Он заинтересовался, он вздрогнул.
– «О Колечке сплетни!… Вы думаете, не подозревает он, не терзается, не кричит по ночам» (Александр Иваныч запомнил, что – кричит по ночам) – «как они о нем говорят после столького. И – нет благодарности, нет сознания, что человек пожертвовал всем… Он вое знает: молчит, убивается… Оттого-то он мрачен… Он душою кривить не умеет. Выглядит он всегда неприятно», – в голосе Зои Захаровны послышался чуть не плач, – «выглядит неприятно… с этой… несчастной наружностью. Верите: он – ребенок, ребенок…»
– «Ребенок?»
– «А вам удивительно?»
– «Нет», – замялся он, – «только, знаете, как-то странно мне это слышать, все-таки представление о Николае Степановиче не вяжется как-то…»

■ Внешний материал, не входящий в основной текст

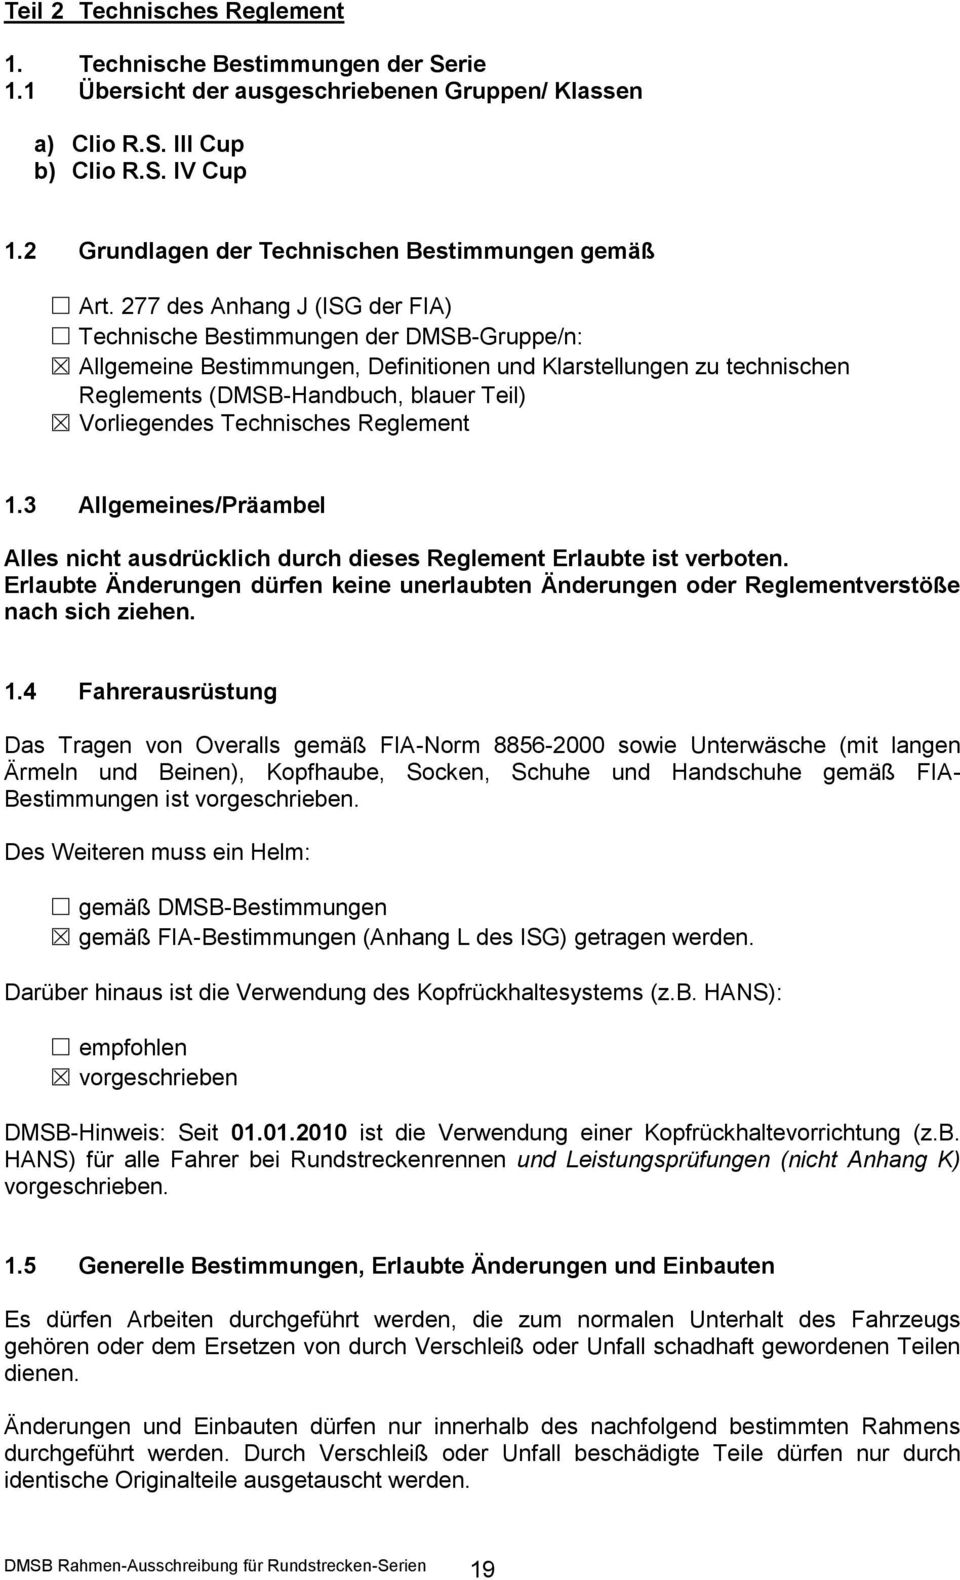 277 des Anhang J (ISG der FIA) Technische Bestimmungen der DMSB-Gruppe/n: Allgemeine Bestimmungen, Definitionen und Klarstellungen zu technischen Reglements (DMSB-Handbuch, blauer Teil) Vorliegendes
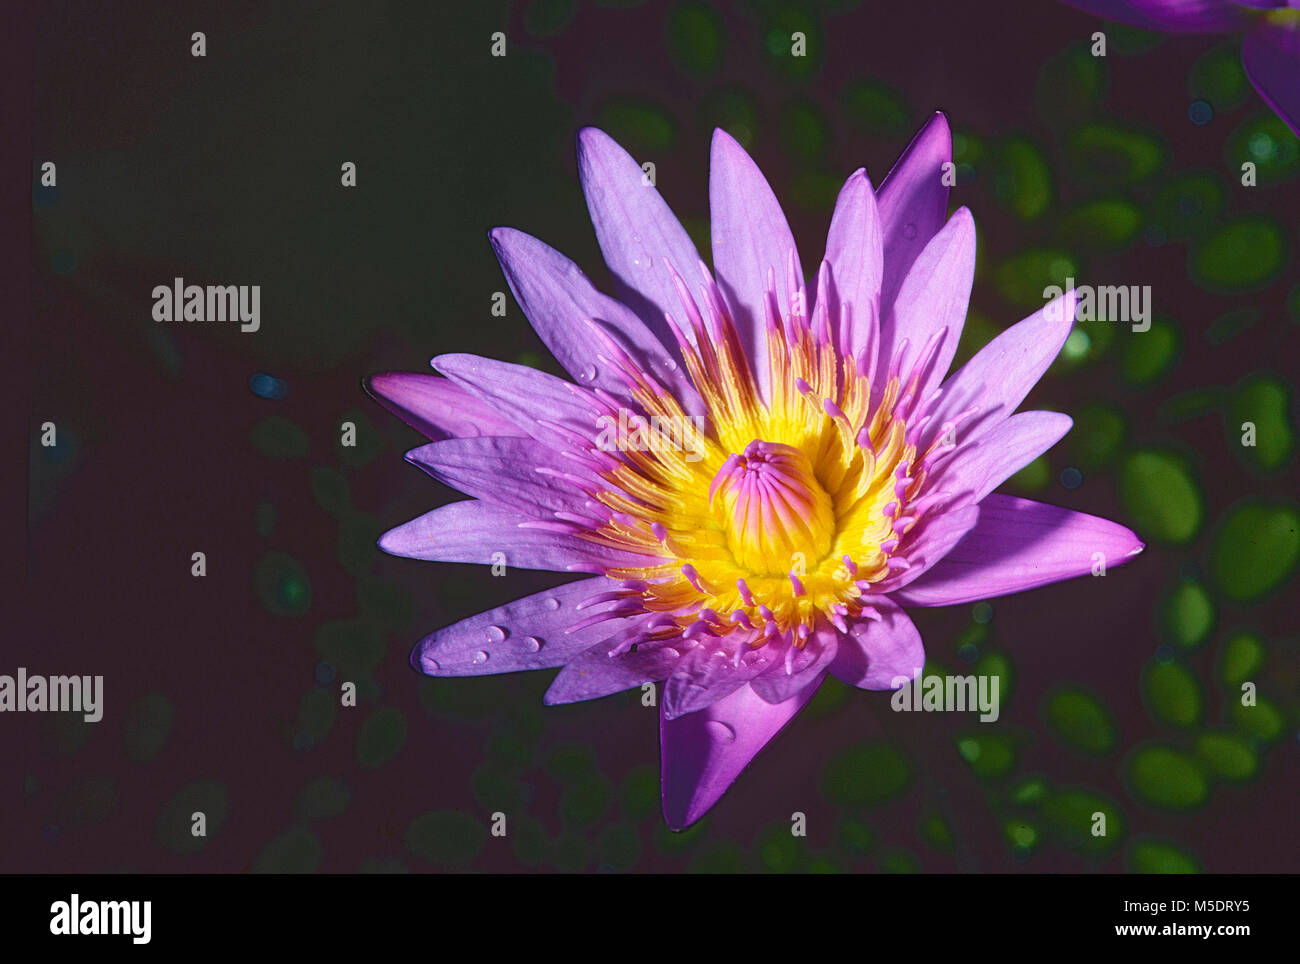 Star-lotus, Nymphaea nouchali, Nymphaceaceae, Water lily, Blüte, blühend, Blume, Pflanze, Botanischer Garten, Singapore Stock Photo

– «Настоящий ребенок! Посмотрите: куколка – Ванька-Встанька», – рукою она указала на куколку, просверкавши браслетом… – «Вы вот уйдете: наговорите ему неприятностей, а он – он!…»
– «?»
– «Он посадит к себе на колени кухаркину дочку и играет с ней в куклы… Видите? А они его упрекают в коварстве… Господи, он играет в солдатики!…»
– «Вот так-так!»
– «В оловянные: покупает персов, выписывает из Нюренберга коробочки… Только – это секрет… Вот какой он!… Но», – брови ее резко сдвинулись, – «но… в детской запальчивости он способен на все».
Александр Иванович все более убеждался из слов, что особа-то скомпрометирована не на шутку; а он этого, признаться, не знал; эти намеки на что-то теперь принял он к сведению, уплывая взором туда, где сидели они…
Круто как-то на грудь падала узколобая голова; в орбитах глубоко затаились пытливо сверлящие глазки, перепархивающие от предмета к предмету; чуть вздрагивала и посасывала воздух губа. Многое было в лице: отвращением необоримым лицо стояло пред Дудкиным, складываясь в то самое странное целое, уносимое памятью на чердак, чтобы ночью там зашагать, забубукать – сверлить, посасывать, перепархивать и выдавливать из себя невыразимые смыслы, не существующие нигде.
Он теперь внимательно всматривался в гнетущие и самою природою тяжело построенные черты.
Эта лобная кость… -
Эта лобная кость выдавалась наружу в одном крепком упорстве – понять: что бы ни было, какою угодно ценою – понять, или… разлететься на части. Ни ума, ни ярости, ни предательства не выдавала лобная кость; лишь усилие – без мысли, без чувства: понять… И лобные кости понять не могли; лоб был жалобен: узенький, в поперечных морщинах: казалось, он плачет [296].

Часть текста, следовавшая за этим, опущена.